I think you went surfing in Hawaii.
You probably got stuck at the airport in London and found love.
I think you were staying with your aunt in Indiana visiting family.
Then, the student who asked the question in the first place chooses their favorite response (based on their choice: the closest to the truth, the funniest, the weirdest, etc.) and this person earns two points (keep track of the score on the board). The question asker also chooses their least favorite response and that person loses a point. Finally, they can say (if they want) what they were really doing during that time or at that moment.
Go clockwise around the table and have the next student draw a card and read it out loud, etc… Play as many rounds as you’d like.
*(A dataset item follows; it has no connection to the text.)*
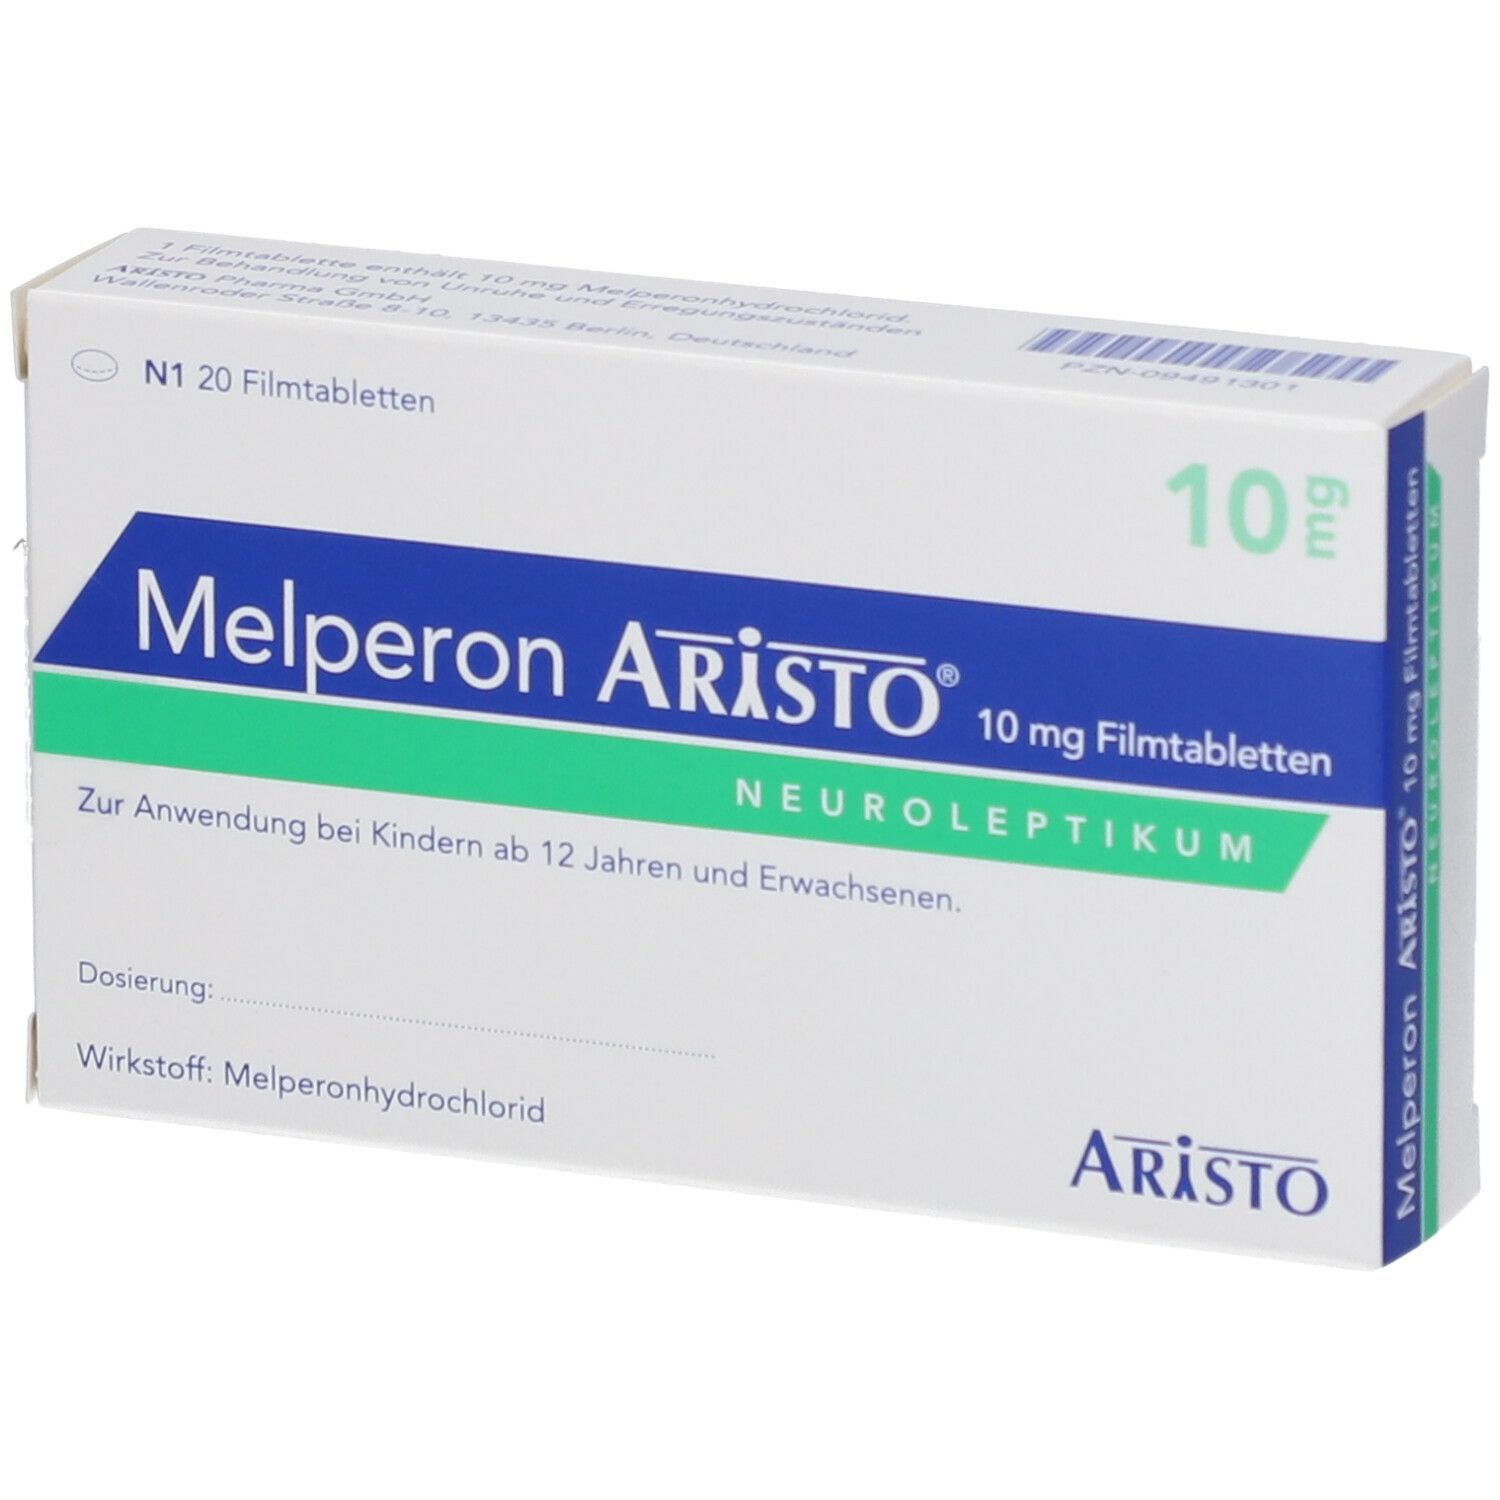 Melperon Aristo® 10 mg

The player with the most points at the end of the game wins.
For online classes:
We have created another PDF and set of JPGs that regroup the game into landscape format so you can play the game more easily with your online lessons. There is less freedom because the choice of tense is already constrained, but it’s much easier to share with your students.
The game is exactly like the simple version except for this time, shuffle the “TENSE” cards and put them in a pile face down next to the “MOMENT” cards.
Each turn, a student draws a “MOMENT” and a “TENSE” card. This card will constrain the other students’ responses to the drawn tense(s).
There you go, simple, but with a large potential for laughter and creativity if your students let themselves open up a bit.